• **Exercise**: Images should be omitted while the rest of the data is duplicated exactly.

━━━━━ Recorded data ━━━━━

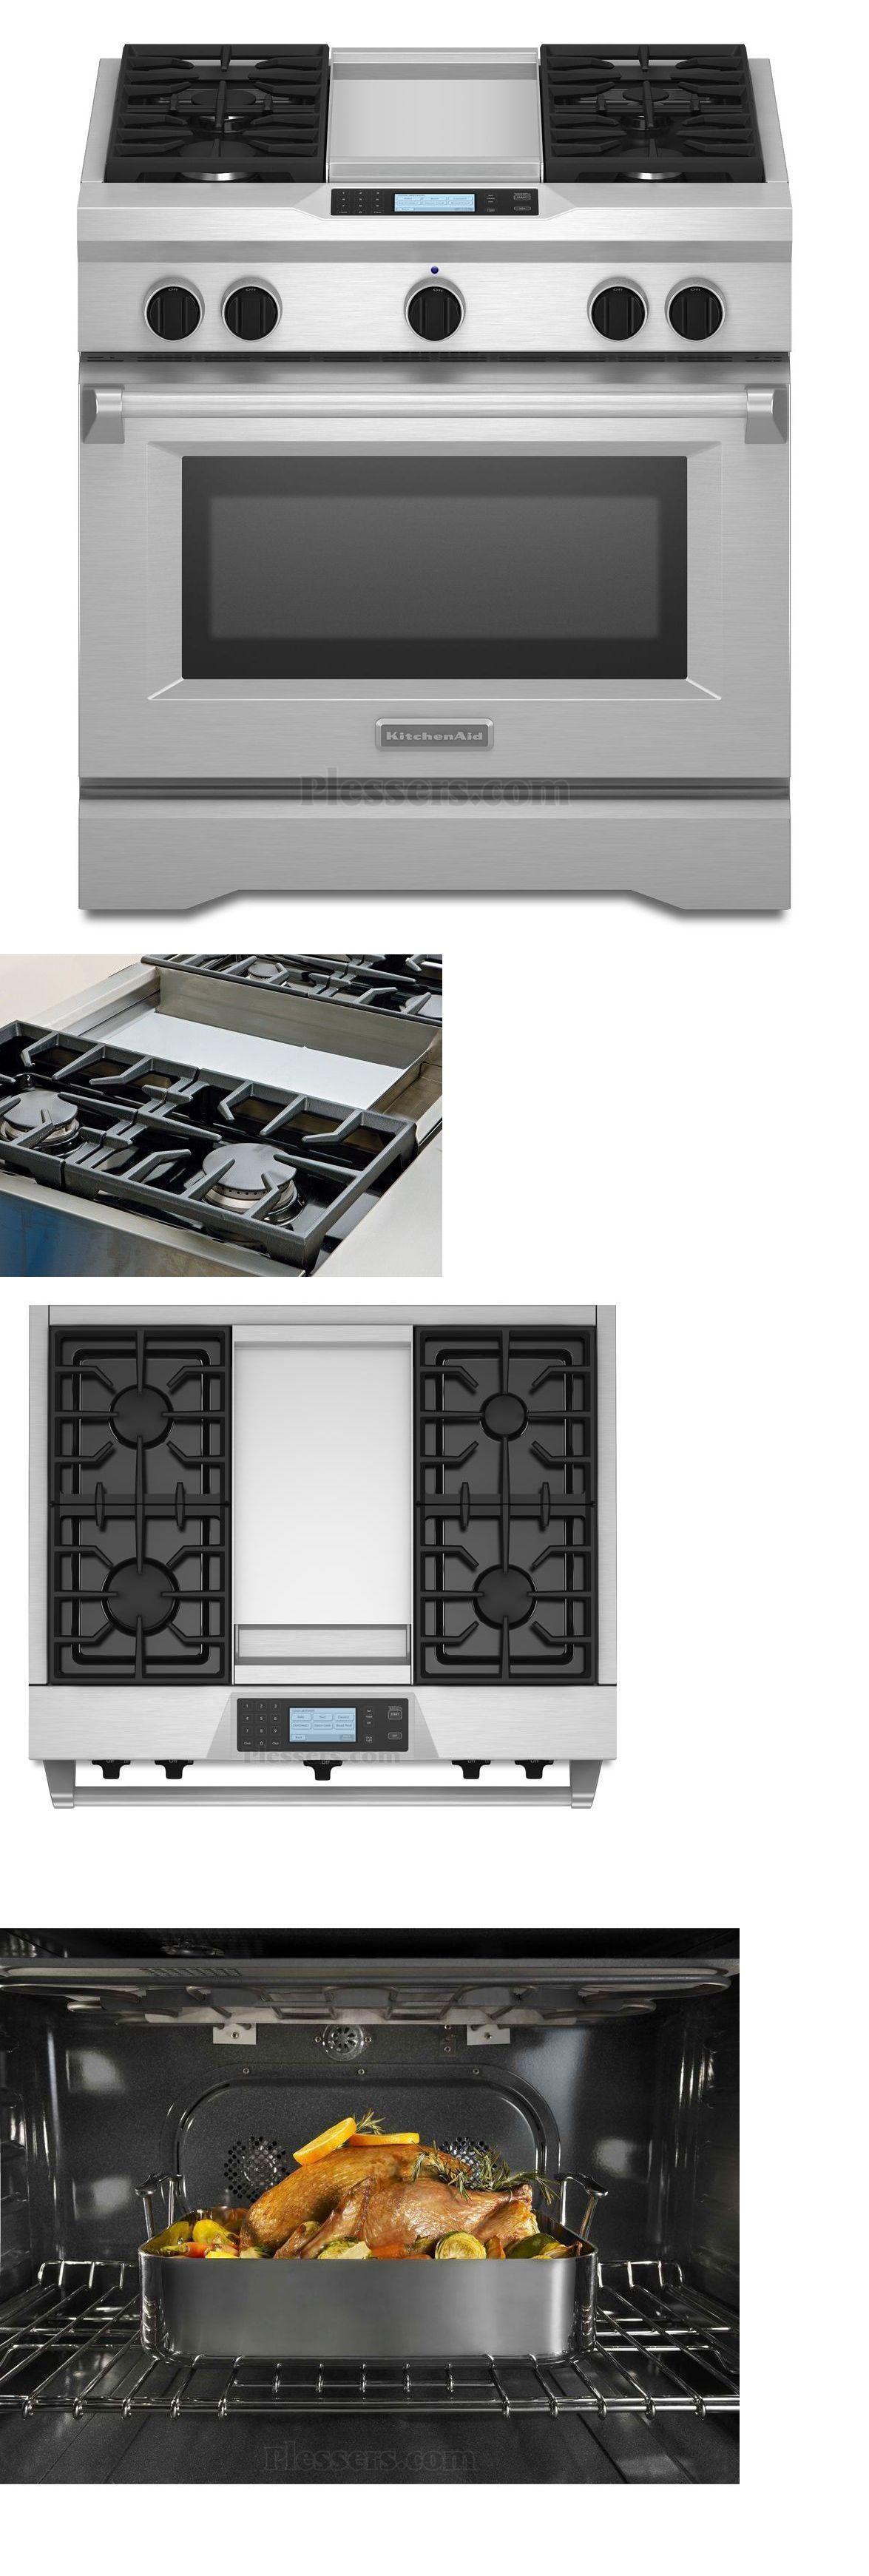 Ranges And Stoves 71250: Kitchenaid Kdru763vss 36 6 Burner Dual Fuel Slide  In
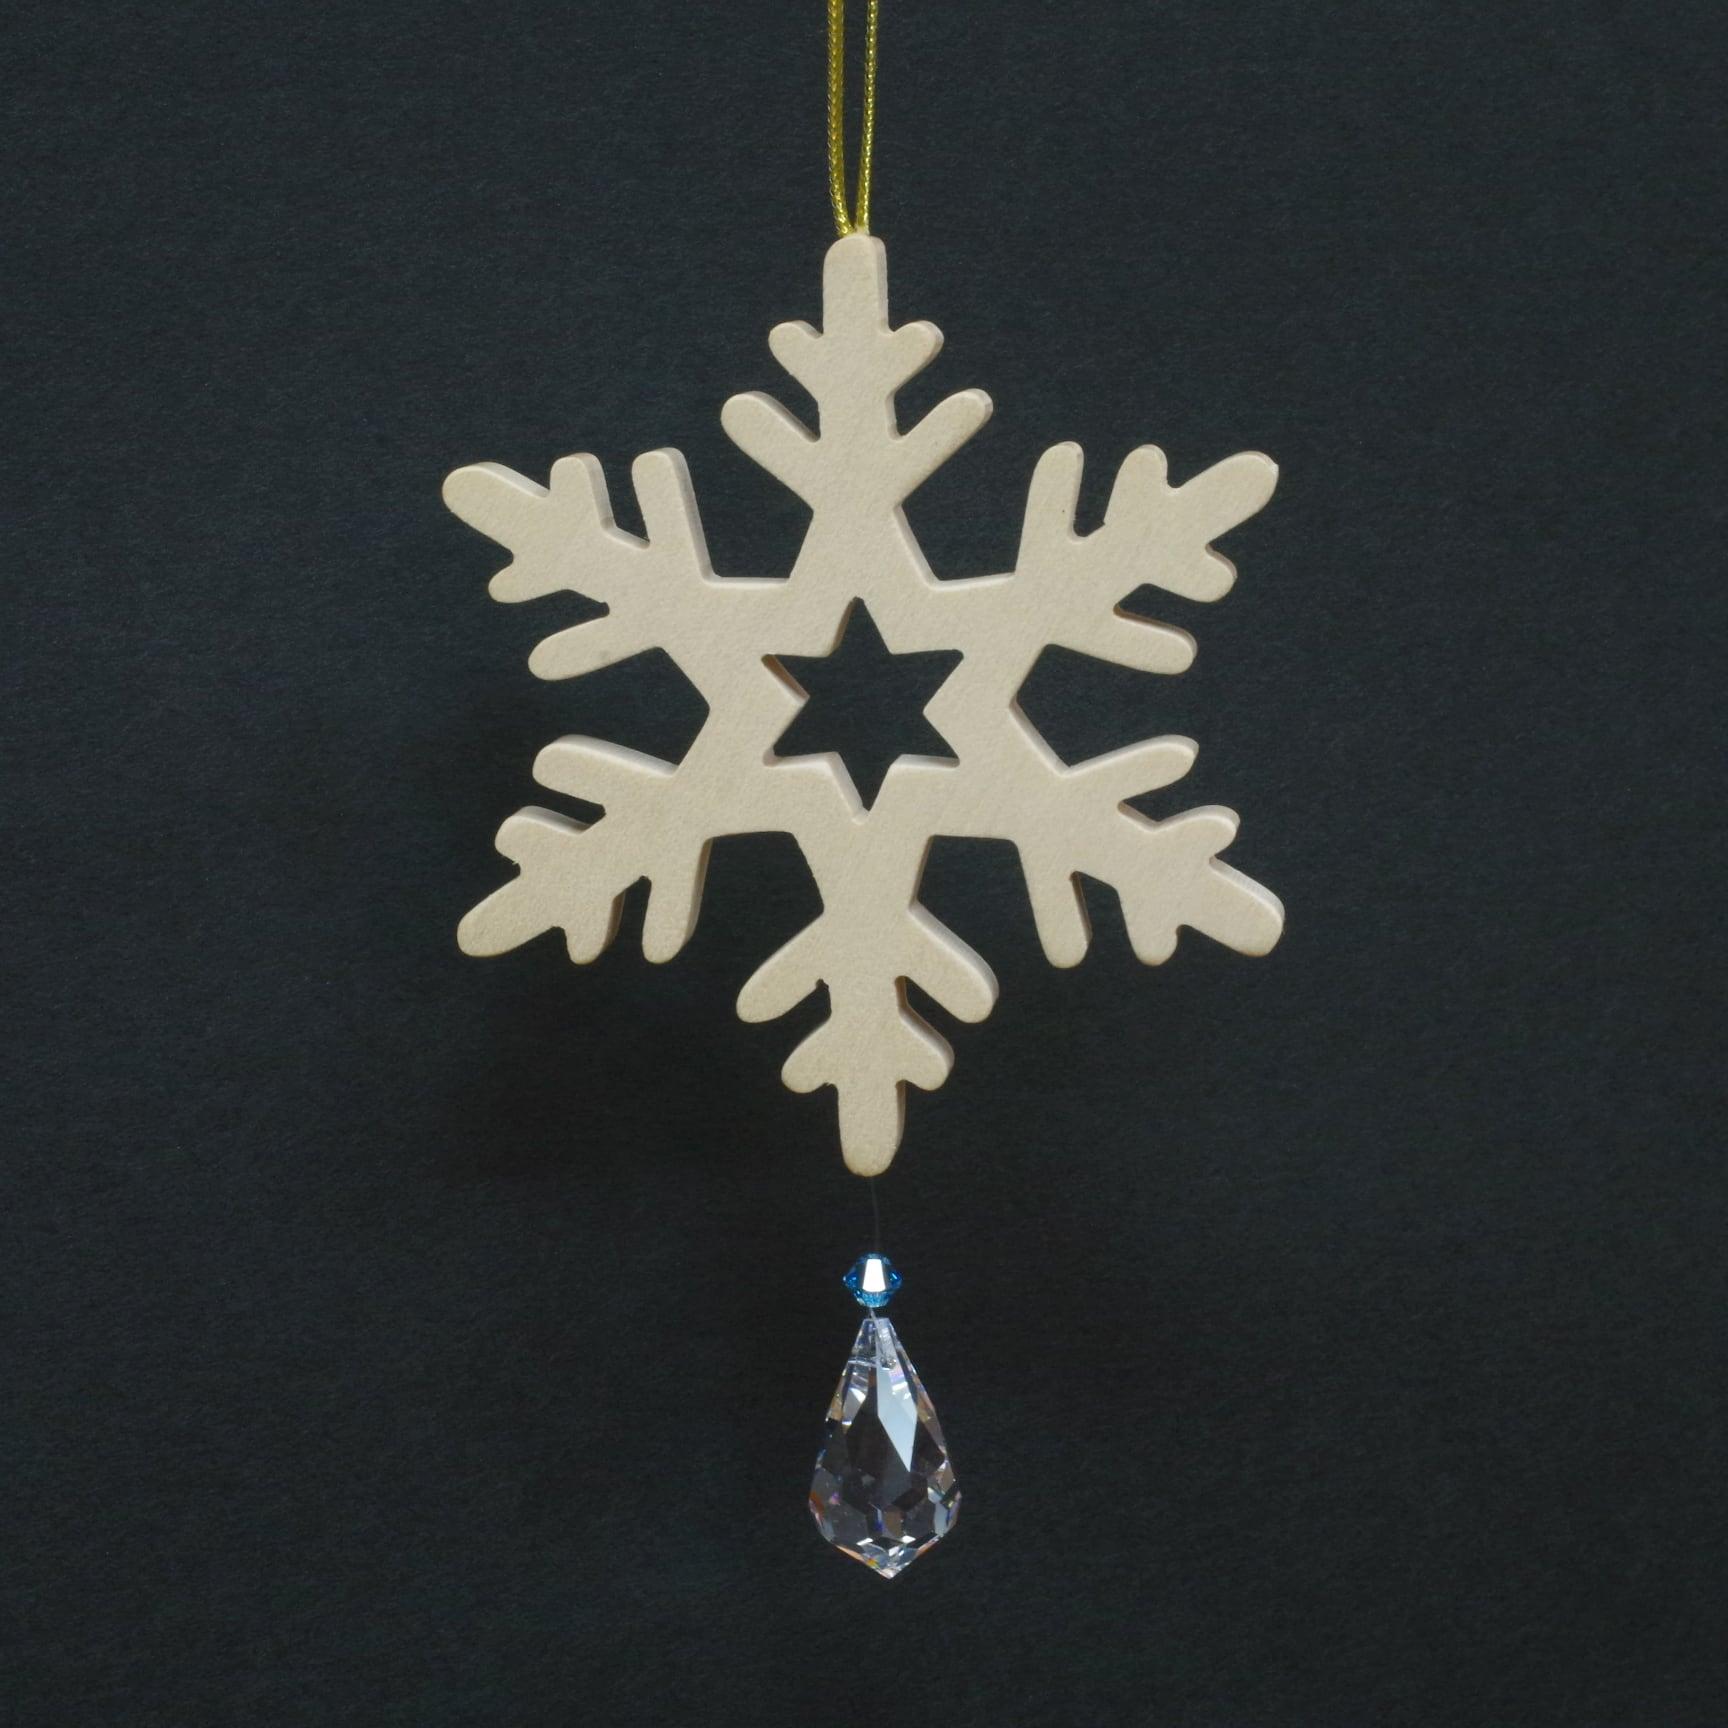 オーナメント 雪の結晶とクリスタル
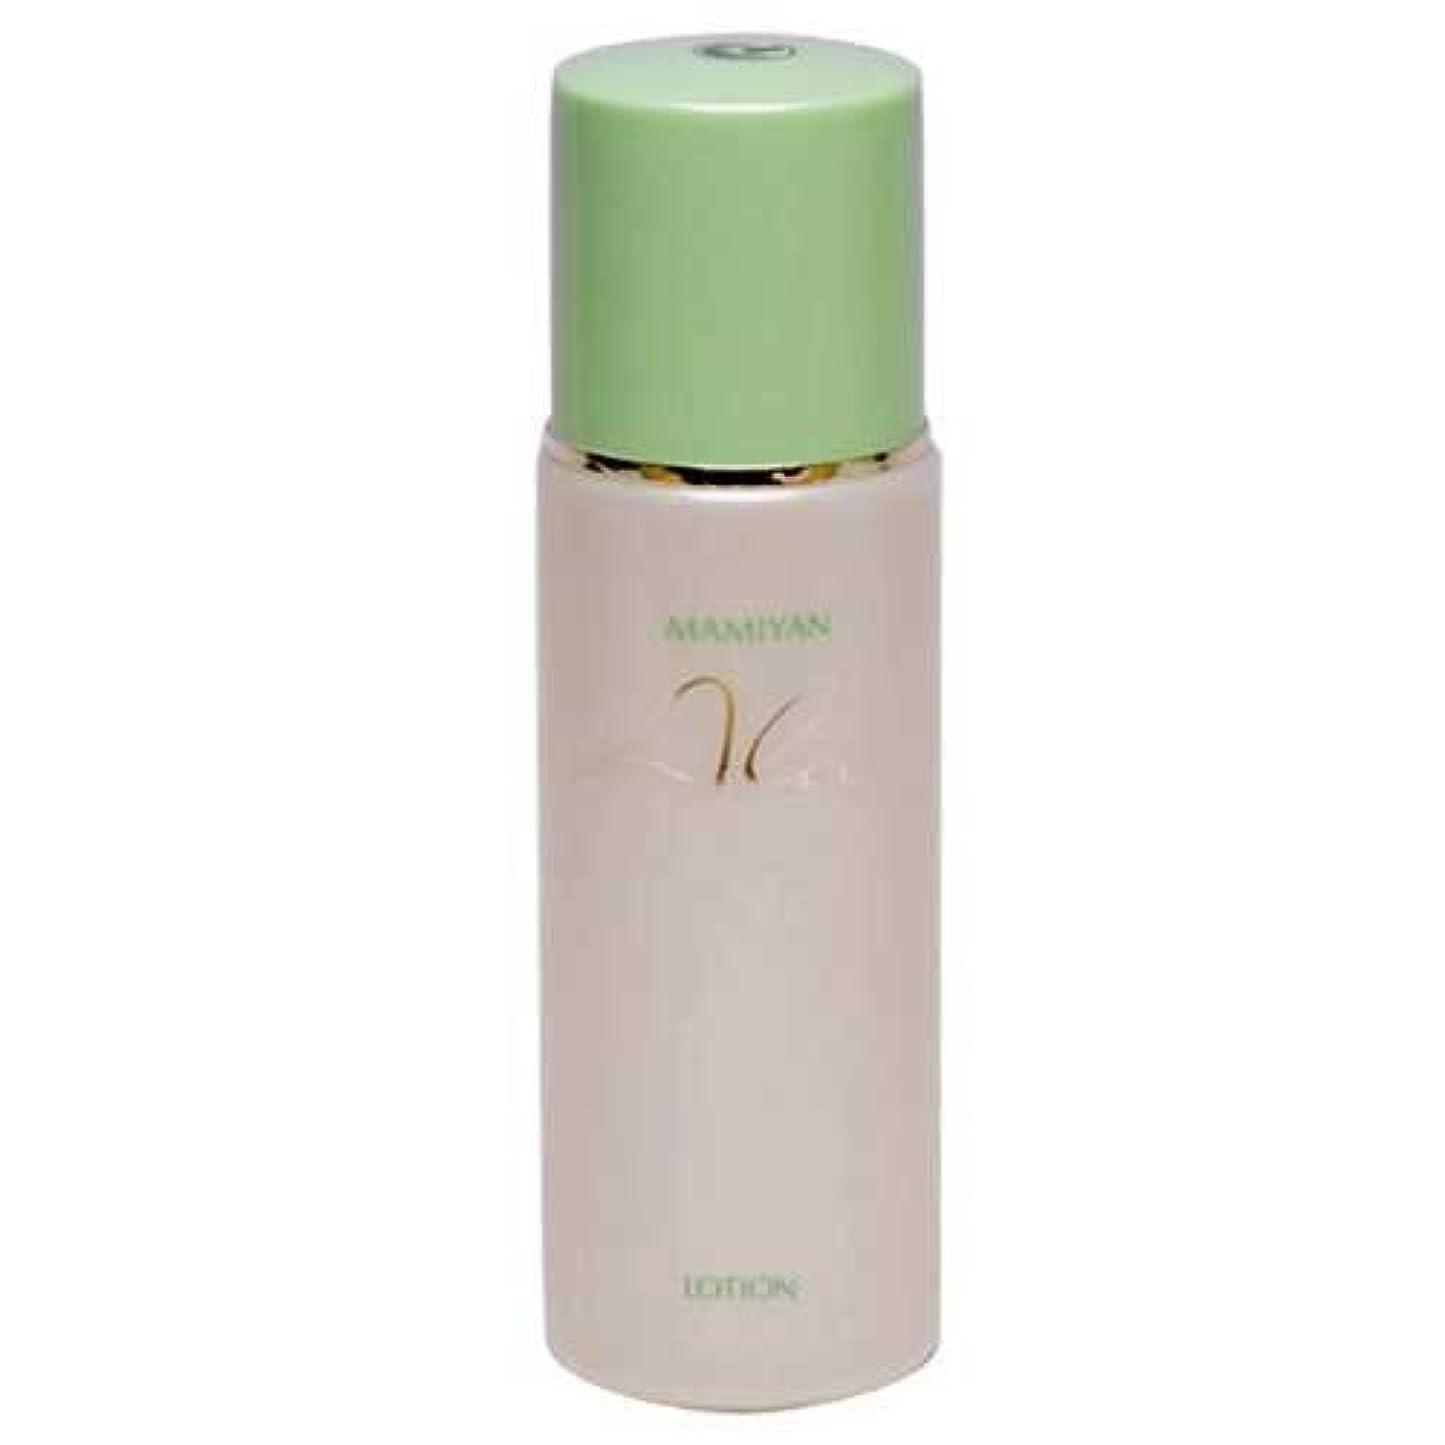 武器セレナシンプルさマミヤンアロエ基礎化粧品シリーズ アロエローション 120ml 肌にやさしくなじむ化粧水

━━━━━

• **Task result**:
 Ranges And Stoves 71250: Kitchenaid Kdru763vss 36 6 Burner Dual Fuel Slide  In
 オーナメント 雪の結晶とクリスタル
 武器セレナシンプルさマミヤンアロエ基礎化粧品シリーズ アロエローション 120ml 肌にやさしくなじむ化粧水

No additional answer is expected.